Этих несчастных тоже настигла война — их переводили в другую тюрьму, подальше от наступавших немцев. Я дождалась, когда группа подойдет ближе, и, подозвав одного из охранников, замыкавшего шествие, спросила, нужны ли ему деньги. Его глаза жадно блеснули, но он молчал, не понимая, чего я от него хочу. Я сказала, что у меня есть 200 франков — он получит их, если отпустит этого человека. Он почти вырвал деньги у меня из рук: при таком раскладе этого типа все равно освободят — не он, так боши, — лучше пусть ему достанутся… Он шумно прокашлялся и сплюнул на землю.
— А почему этот?
— Потому что он старик.
— Мало ли тут стариков.
— Он похож на деда моей дочки.
И я кивком указала ему на коляску, которую продолжала машинально покачивать; этот жест ничто не могло остановить. Он ответил: «ясно», пожал плечами и удалился, сунув деньги в карман. Я не стала дожидаться, когда он освободит пленника; я сделала то, что сочла нужным, а остальное от меня не зависело. Это случилось 6 июня.

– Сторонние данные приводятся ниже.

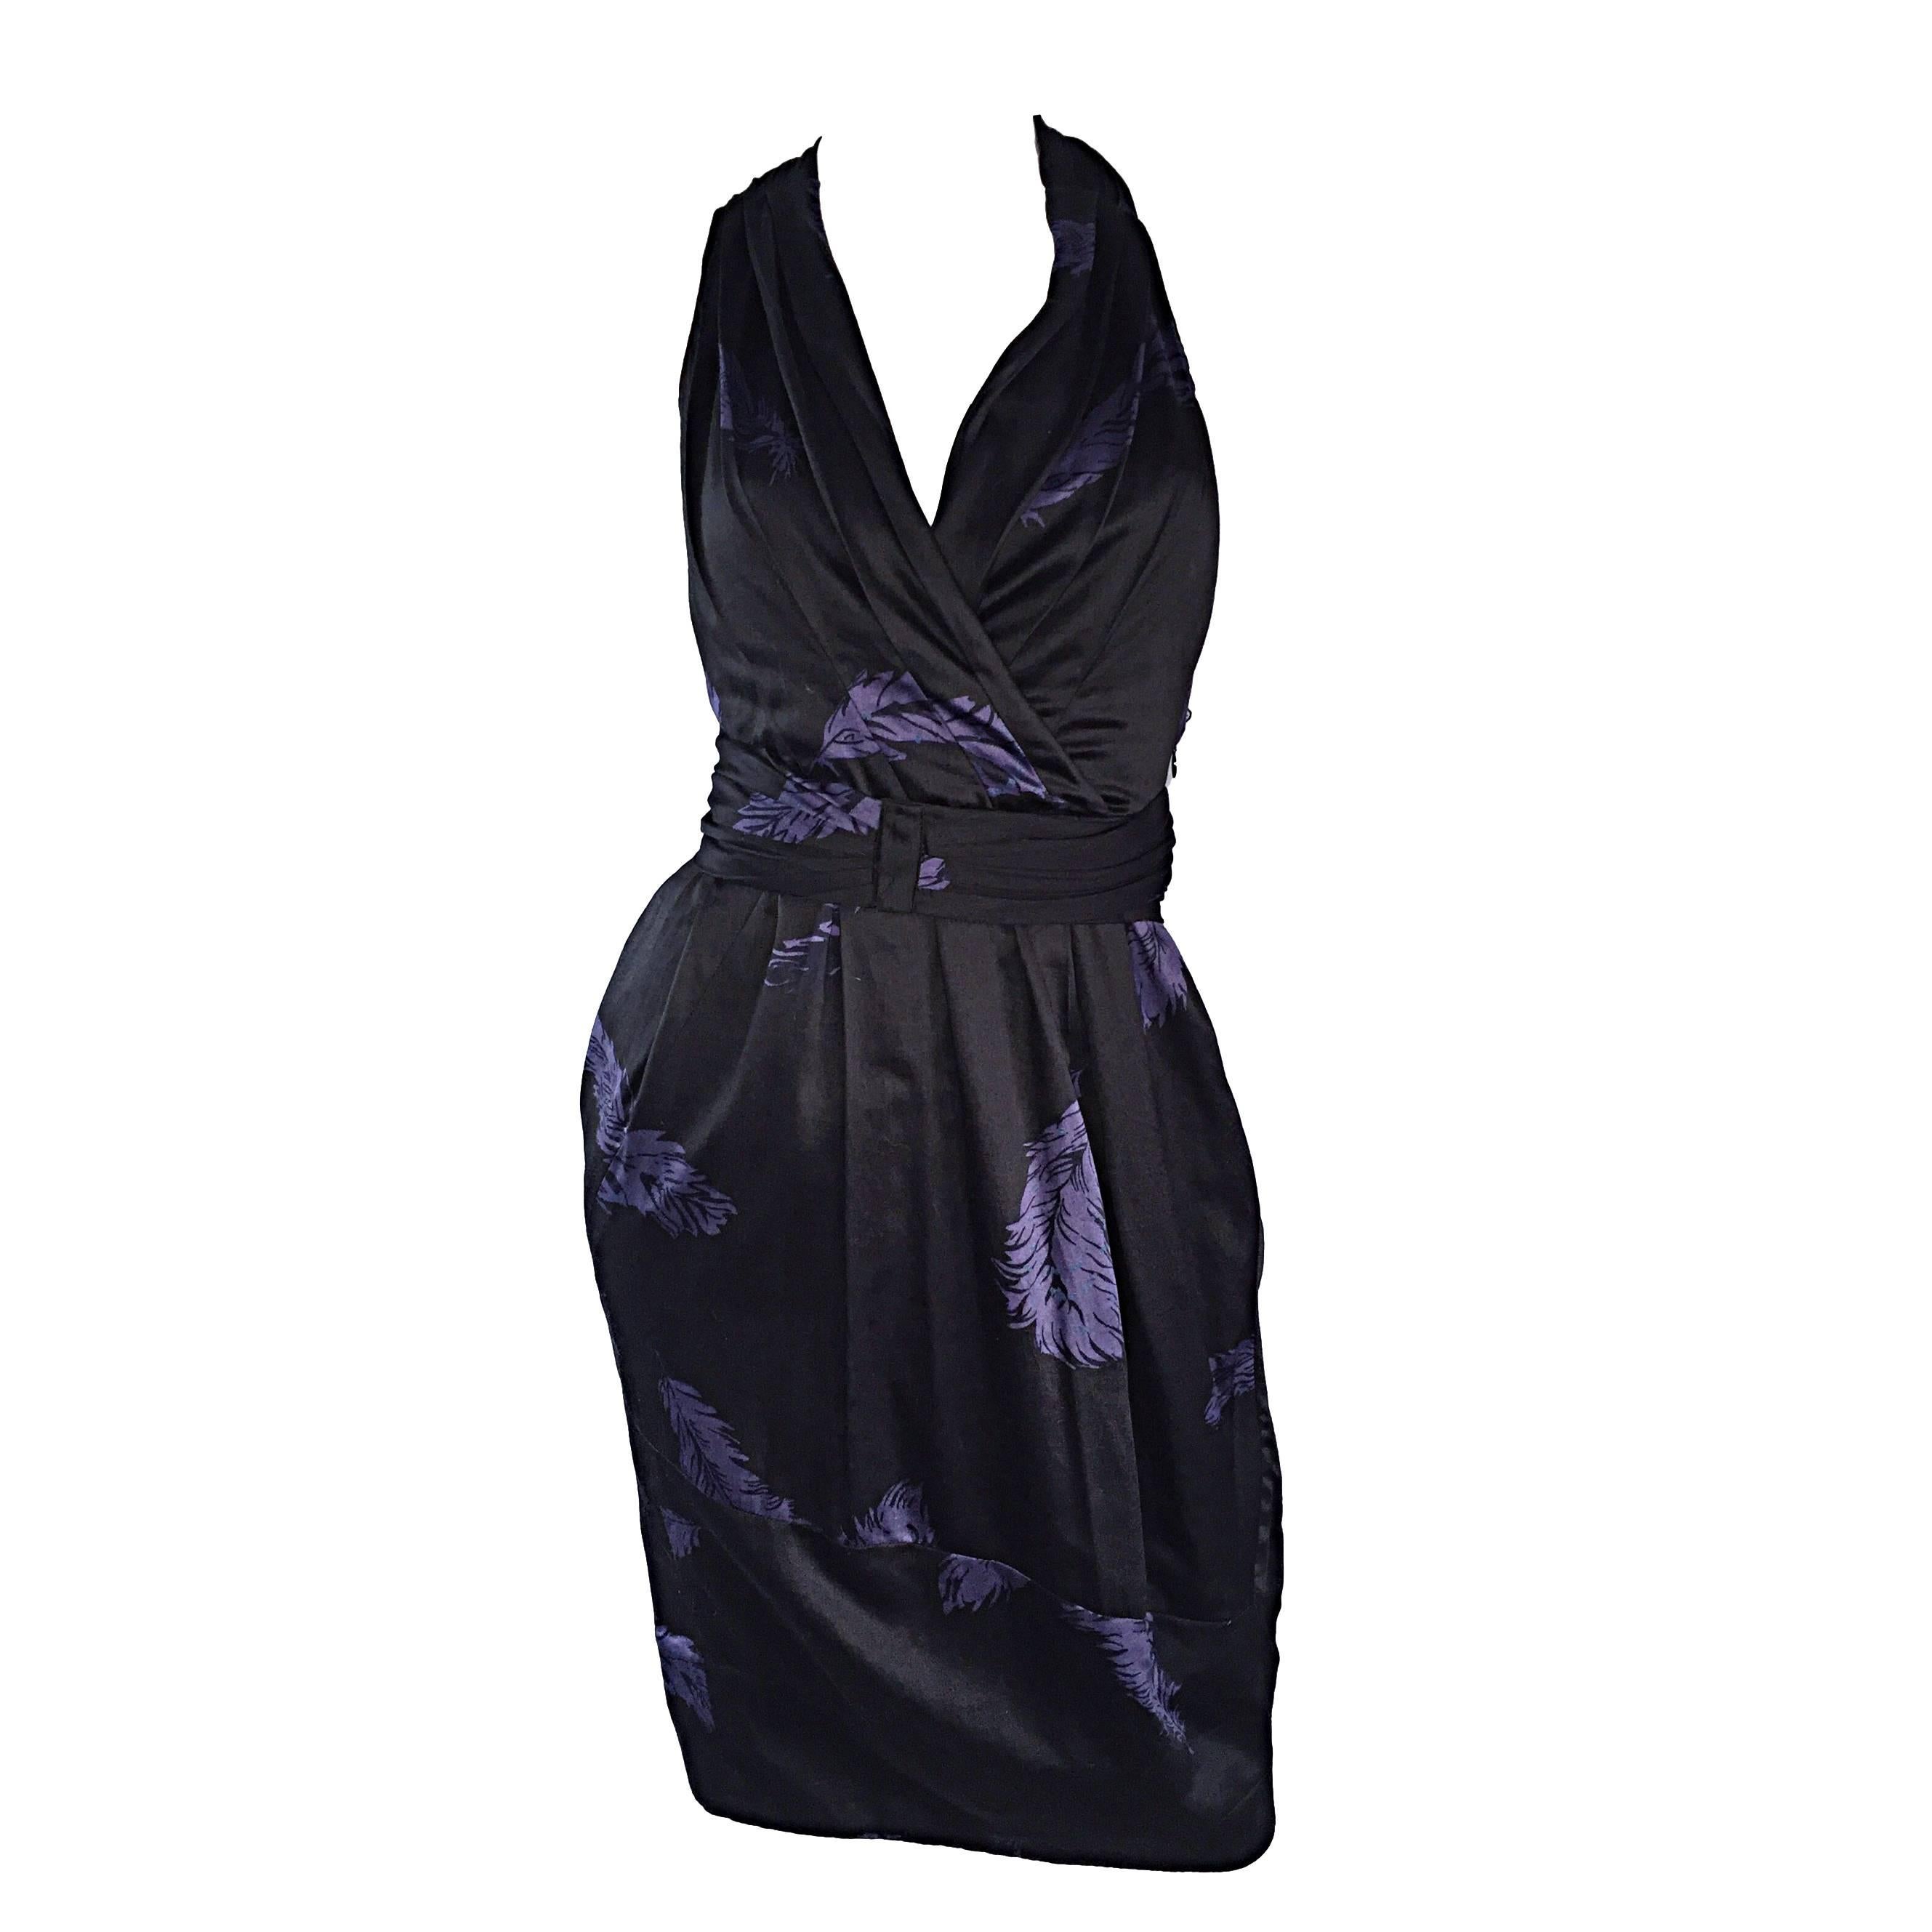 Marc Jacobs Sz 8 Black Purple Peacock Feather Print Cut Out Back Racerback Dress For Sale

У меня было такое чувство, будто я выплатила свой долг.
Мне очень хотелось сообщить Анни, что ее отец освобожден, но как приступить к этому, если прежде я побоялась сообщить ей о его аресте? Ведь тогда она захотела бы поехать к матери, я не смогла бы ее удержать, и мне пришлось бы распрощаться с ребенком. Тем не менее я поручила Жаку позаботиться о том, чтобы ее мать ни в чем не нуждалась. Он рассказал мне, что к ней почти каждый день заходит какой-то молодой парень. Я почувствовала себя не такой виноватой, узнав, что она не совсем одинока.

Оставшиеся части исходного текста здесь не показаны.